__Recorded data__:
Segment Open
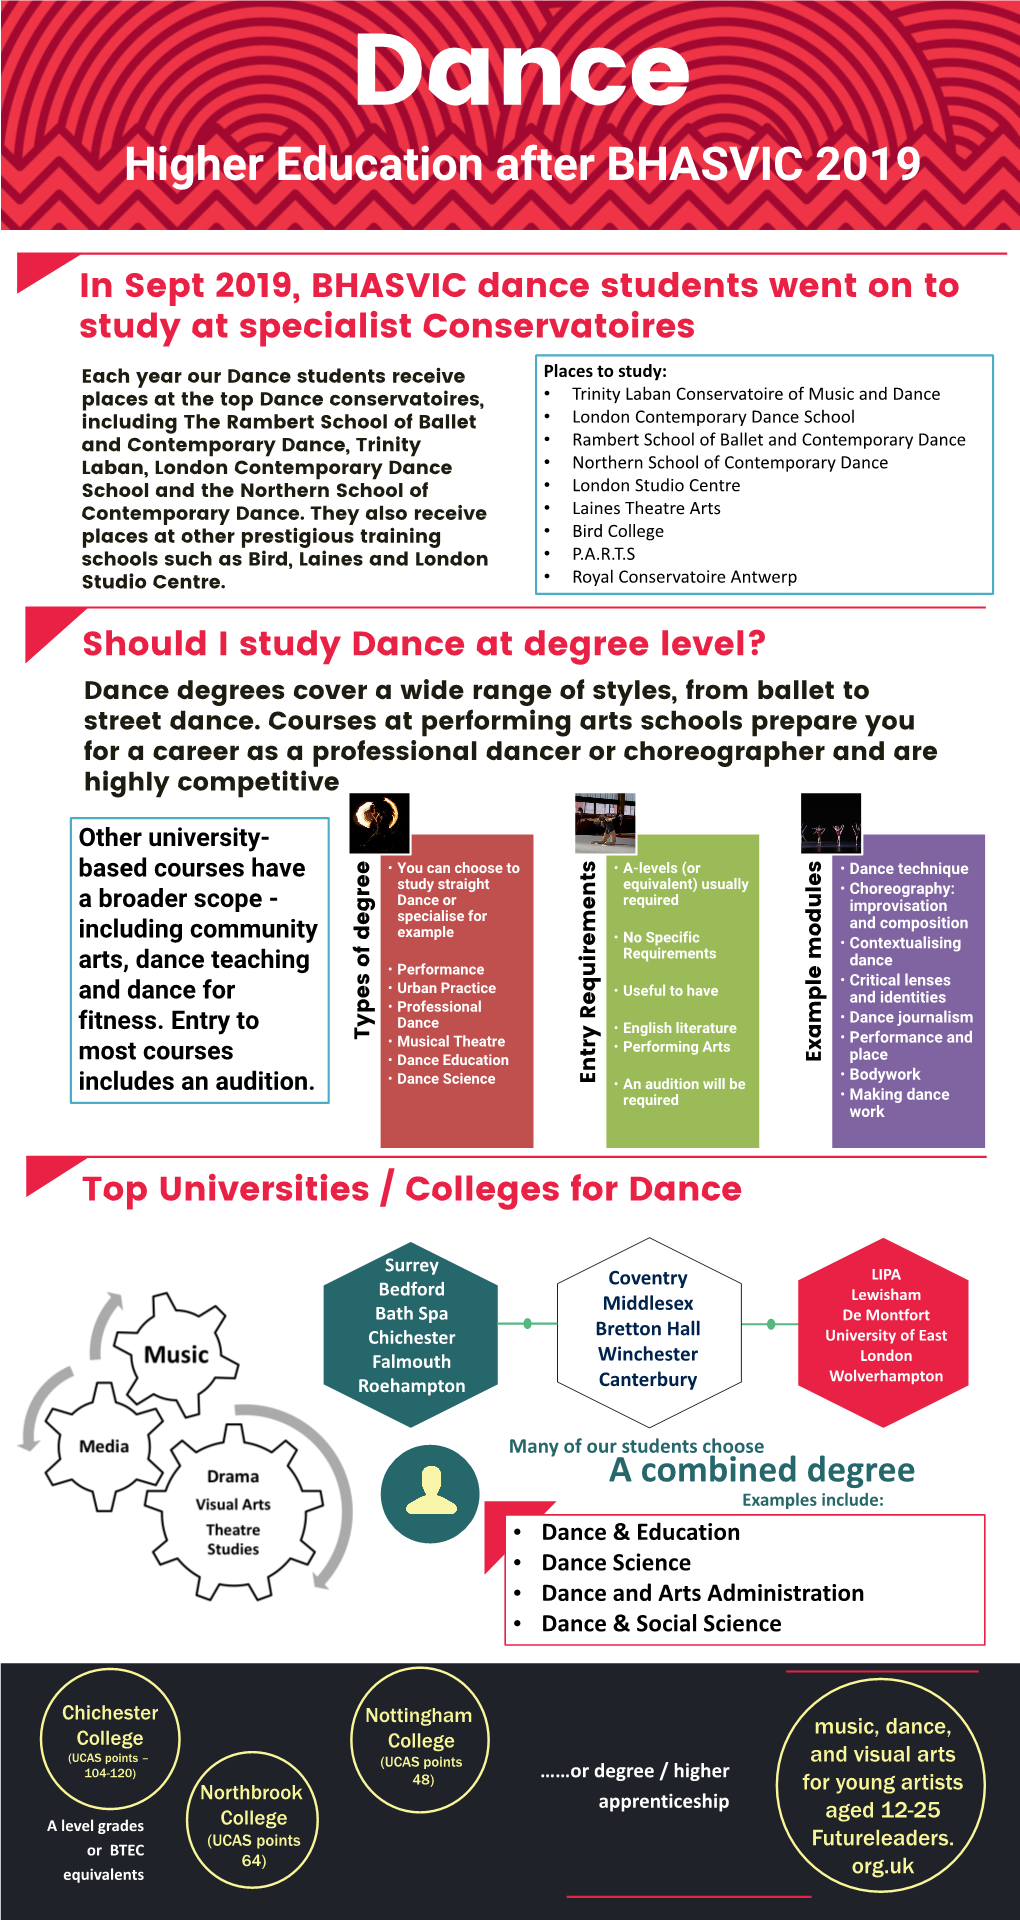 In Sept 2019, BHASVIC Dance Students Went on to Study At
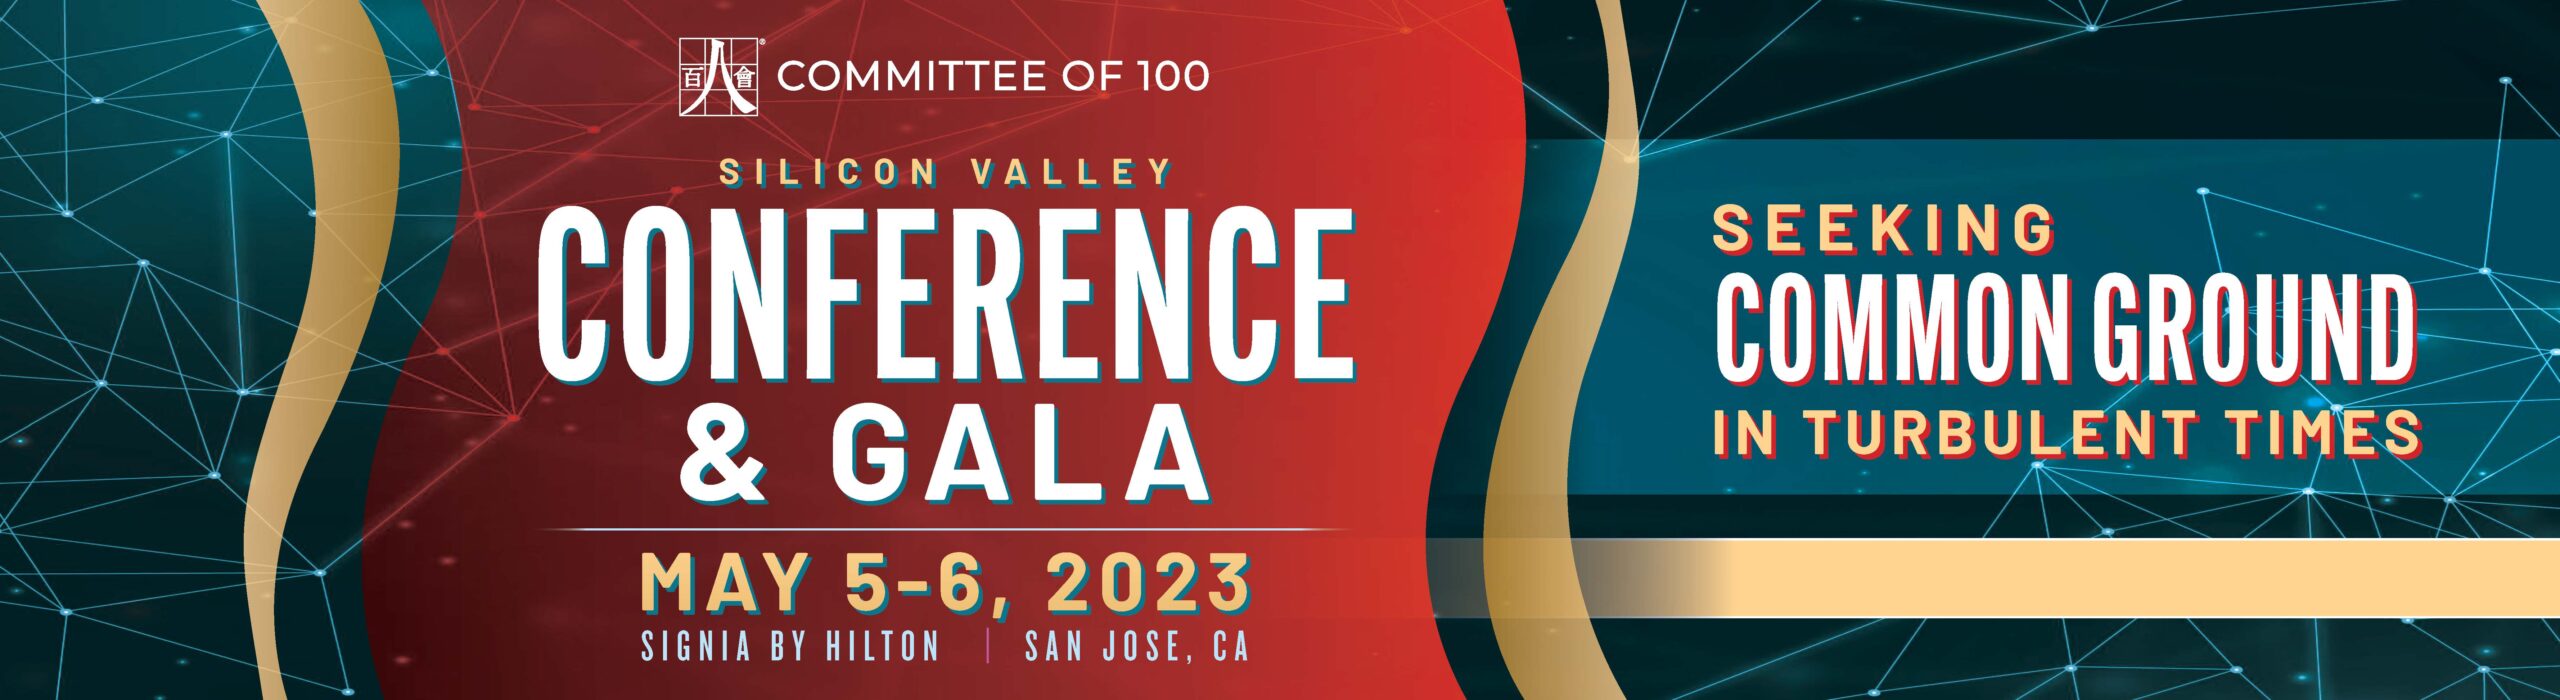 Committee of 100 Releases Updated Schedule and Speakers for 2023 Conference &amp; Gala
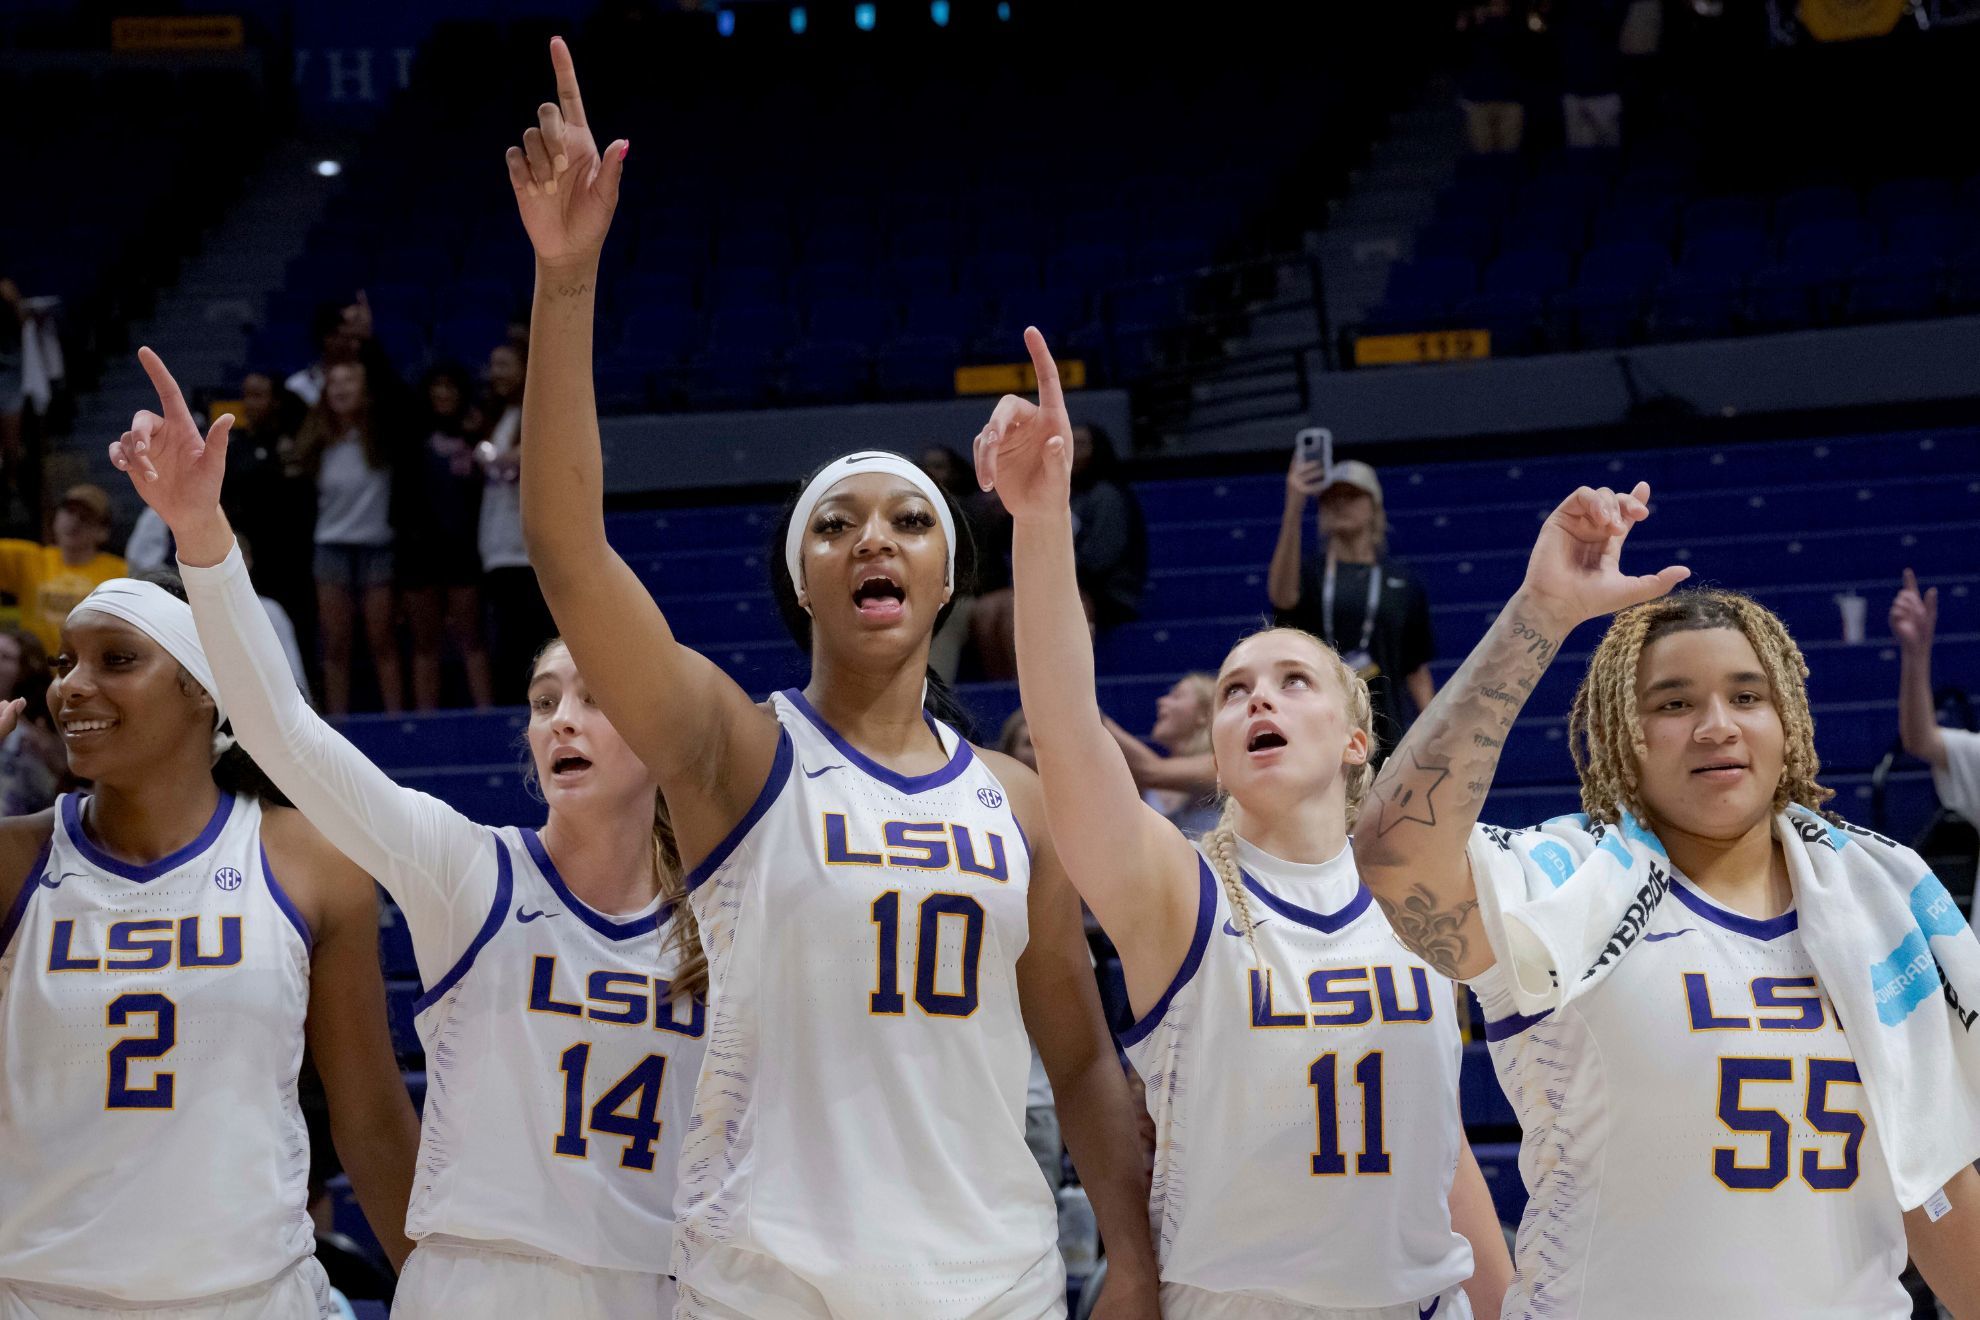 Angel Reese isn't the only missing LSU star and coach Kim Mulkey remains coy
Segment Closed
__Directions for this task__:
All lines above are to be restated word for word, with pictures excluded.

__Output for this exercise__:
 In Sept 2019, BHASVIC Dance Students Went on to Study At
 Committee of 100 Releases Updated Schedule and Speakers for 2023 Conference &amp; Gala
 Angel Reese isn't the only missing LSU star and coach Kim Mulkey remains coy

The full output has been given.